Affects Version/s: None
Fix Version/s: None
Component/s: scripts and tools
Umbrella issue for tasks which will improve the lives of Operations and Support personell running large Solr clusters. The following description snippet is copy/paste from a comment by Shalin on another issue:
There's plenty of information that is required for troubleshooting but is not available in clusterstatus or any other documented/public API. Sure there's the undocumented /admin/zookeeper which has a weird output format meant for I don't know who. But even that does not have a few things that I've found necessary to troubleshoot Solr.

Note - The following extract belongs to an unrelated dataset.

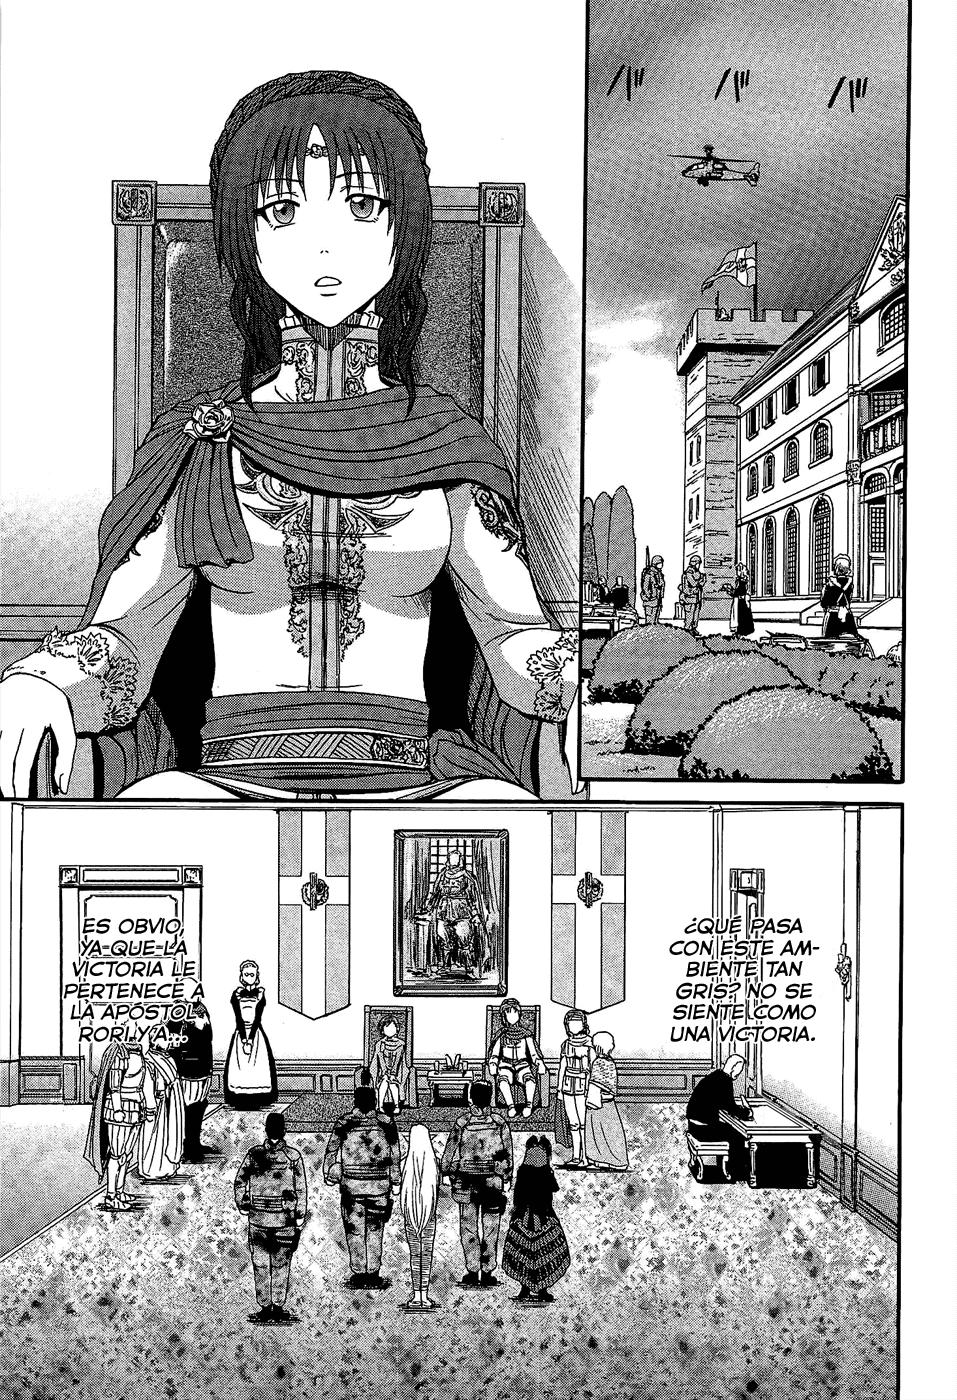 https://c5.ninemanga.com/es_manga/59/187/351085/e6cbc650cd5798a05dfd0f51d14cde5c.jpg Page 6

Here's a non-exhaustive list of things you need to troubleshoot Solr:
- Length of overseer queues (available in overseerstatus API)
- Contents of overseer queue (mildly useful, available in /admin/zookeeper)
- Overseer election queue and current leader (former is available in /admin/zookeeper and latter in overseer status)
- Cluster state (cluster status API)
- Solr.xml (no API regardless of whether it is in ZK or filesystem)
- Leader election queue and current leader for each shard (available in /admin/zookeeper)
- Shard terms for each shard/replica (not available in any API)
- Metrics/stats (metrics API)
- Solr Logs (log API? unless it is rolled over)
- GC logs (no API)
Please link related tasks or create new sub tasks as necessary.
Fixing SOLR-7796 would probably help a lot in the short term since there would be a well defined way to zip up info and send to support. But it won't hurt adding better APIs, small tools and new AdminUI panels for simplified live troubleshooting as well.